There have been some price hikes recently, that indicate the direction. But there will be much more to come, expect these services to increase in price by factors of 5-10 over the next 3-5 years. Then you will be happy to have managed to run some of the stuff independently of the US cloud tycoons. BTW: for remote AI products, some Chinese services offer huge price advantages over their US counterparts - wherever you need to rely on large LLM services, that is an option (although this is often not acceptable for companies, independent experts have little to no regulative/strategical barriers to China business).

So for me, this is an investment. We’ll see how well that works, I am optimistic. Anyhow this is IMO a no-brainer to at least invest some effort here.

1 Like

Thanks for your thoughts @edf - very useful.

This is a very interesting point. Currently I am only doing tasks with cloud AI where the response will come back in 30 seconds. I then incorporate that code and repeat; so this has to be fairly real-time in order to maintain a decent focus/workflow. I’ve heard of folks using Cursor/Claude projects where they let it cook overnight, but I am not sure yet how to guard against a wasted long run; I assume one would have to correct the prompt and then wait for another several hours.

How are you finding energy consumption? I am in the UK where energy is expensive (and I am environmentally minded enough that I’d want this to be efficient anyway). My AI-assisted design of a traditional Nvidia GPU PC showed that it would need a ~1200W power supply, though it’s interesting to see that Framework Desktop only needs 400W.
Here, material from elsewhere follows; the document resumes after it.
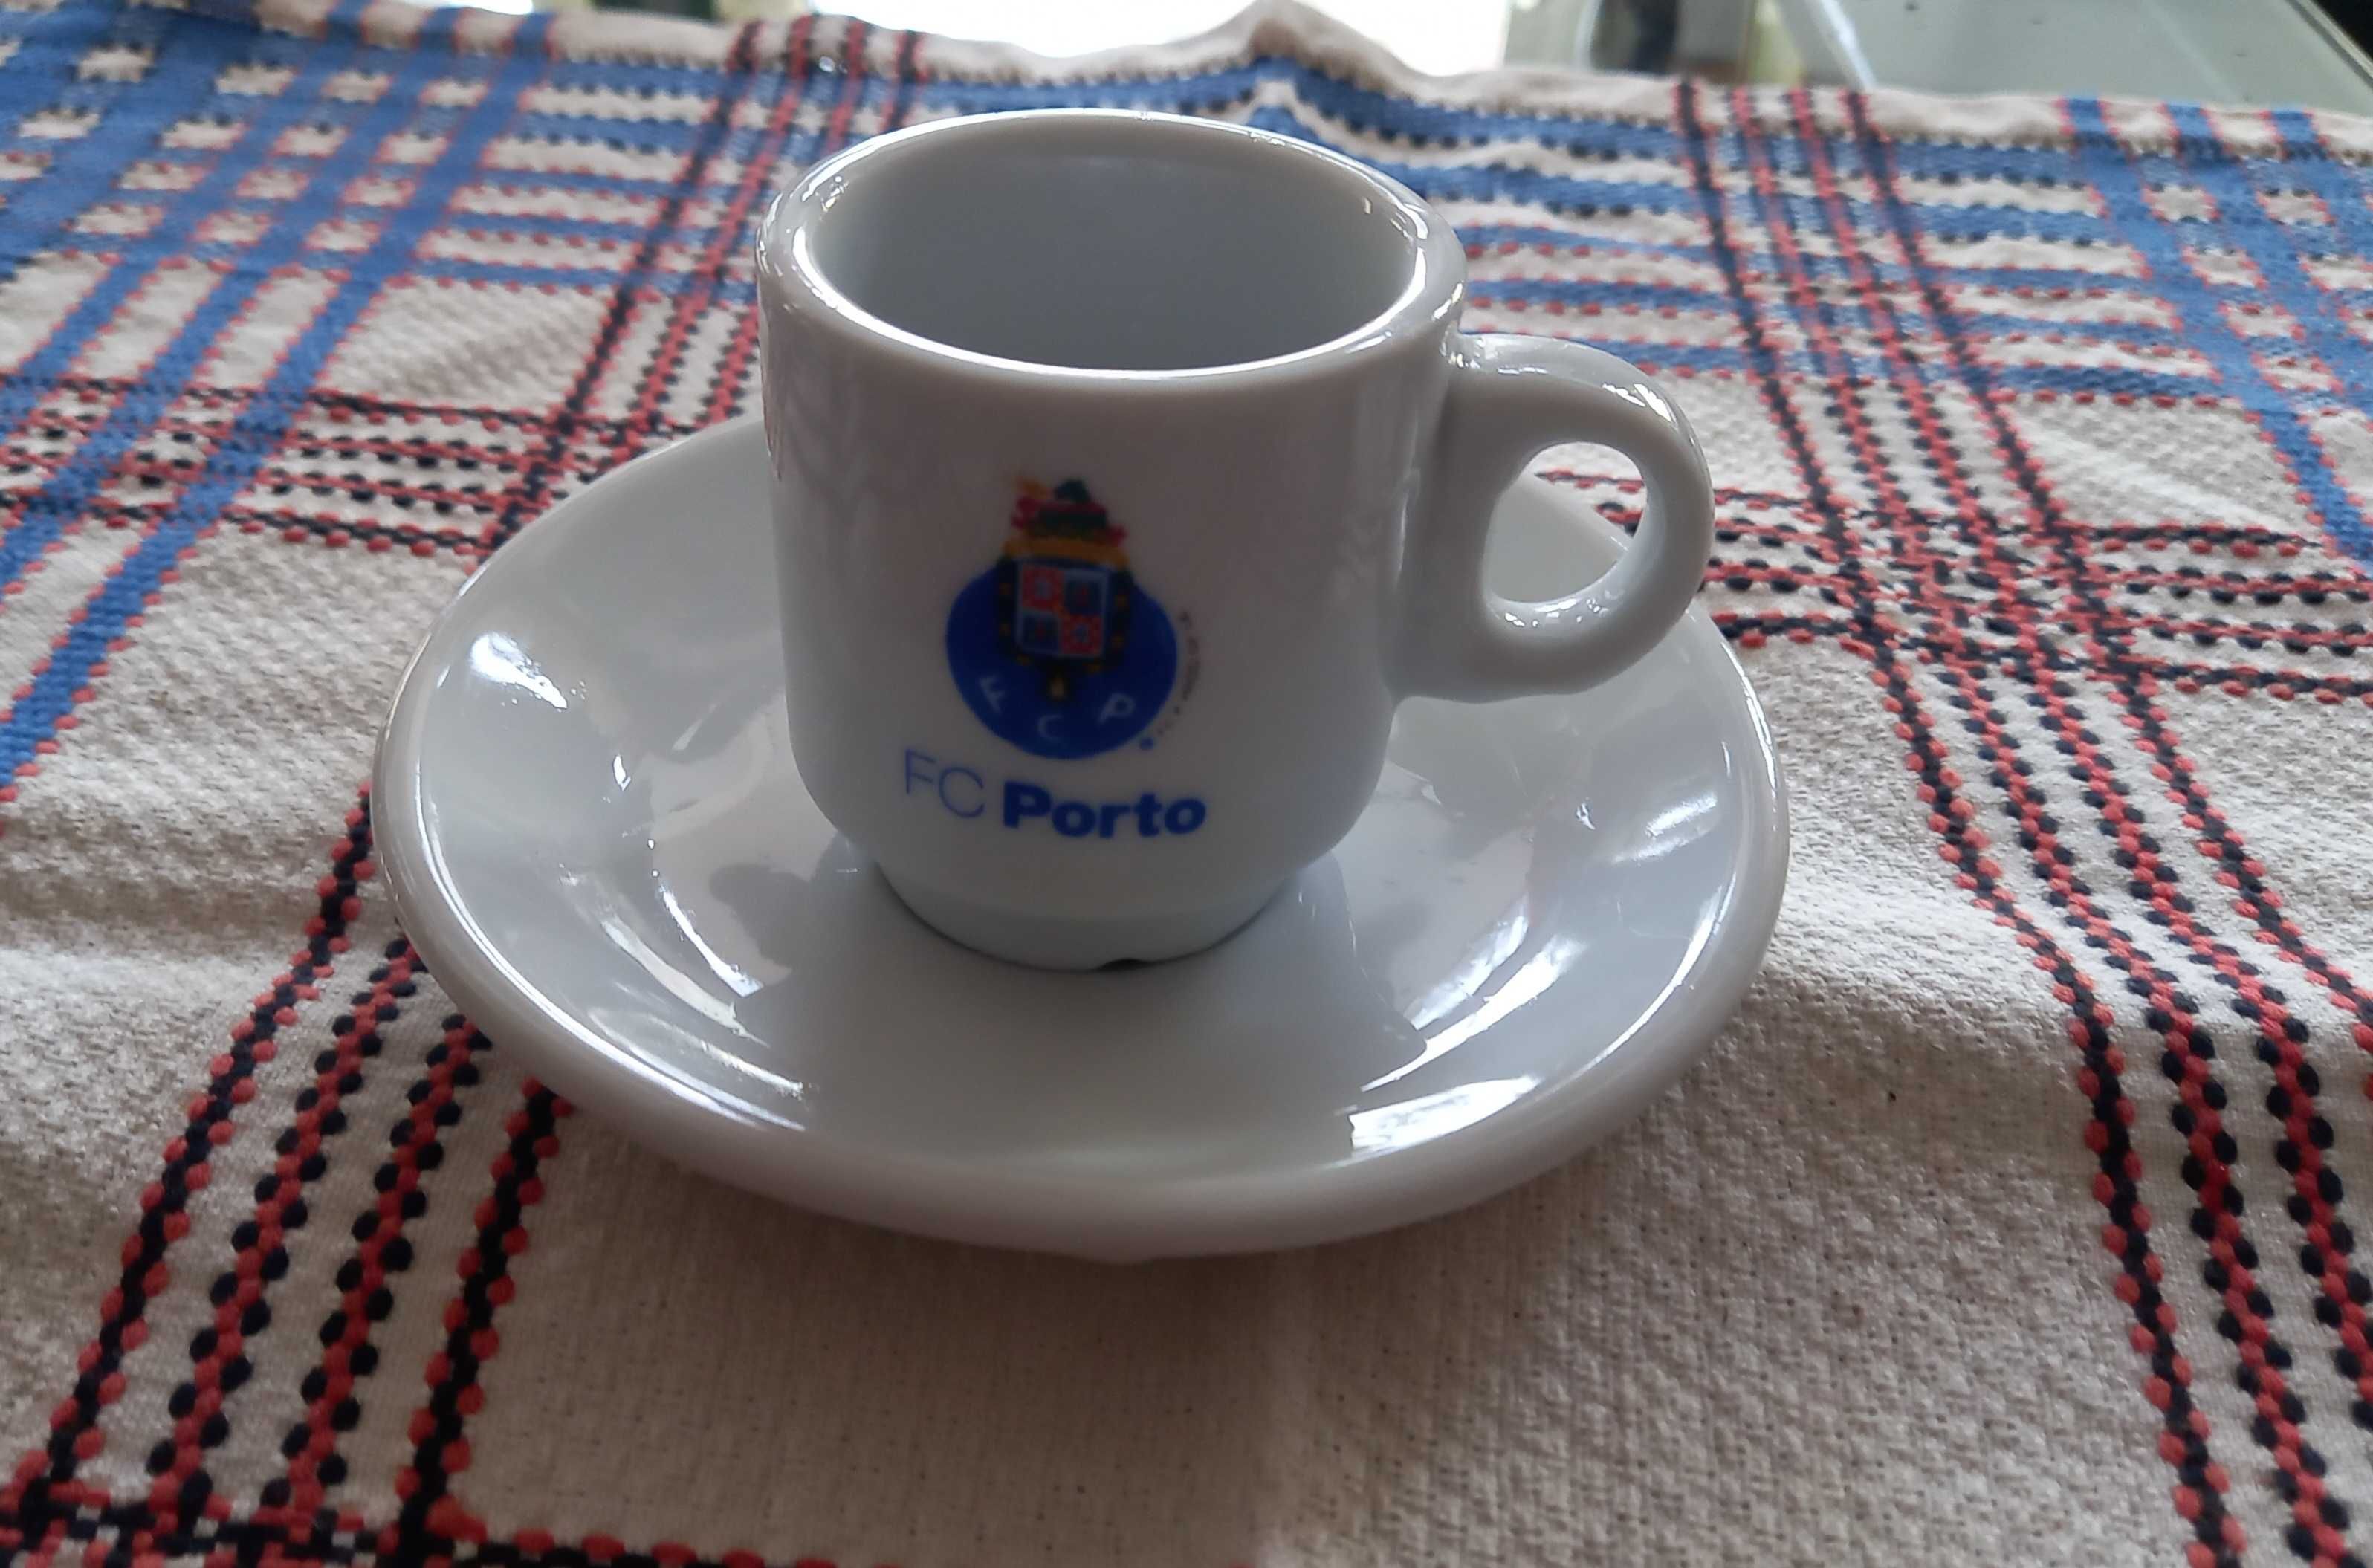 Artigos Futebol Clube Porto - Porta chave; Caneta; chávena, copo Novos

(I suspect my current use of AI is bursty, so my power consumption is likely currently negligible. But running GPUs for several hours would change that assumption.)

The area I live in has some of the highest electricity rates in the US, so I hear ya.

I don’t have it plugged into a Kill-a-Watt measurer , but there has been no notable increase in power usage. The release of Hermes coincided with warm weather, which makes it diffcult to say for sure, but the KWh on my power bill this month was lower than it’s been in two years so it can’t that bad :slight_smile:

BTW, I was experimenting with context windows last night, and found that the amount of memory used varies not only by quantization of the model, but also by the model type. Probably due to support for fast_attention in the model itself - Laguna in particular being notable for not compressing when the cache quantization method in Ollama becomes more aggressive.

I tweaked things a bit (amd_iommu=off amdgpu.gttsize=126976 ttm.pages_limit=32505856) this morning and now can load two parallel instances of either Laguna-xs.2:FP16 orQwen3.5:122b entirely in GPU memory using 256K context windows (well, Laguna caps out at 130K; I might alter its Modelfile and see how it behaves at 256).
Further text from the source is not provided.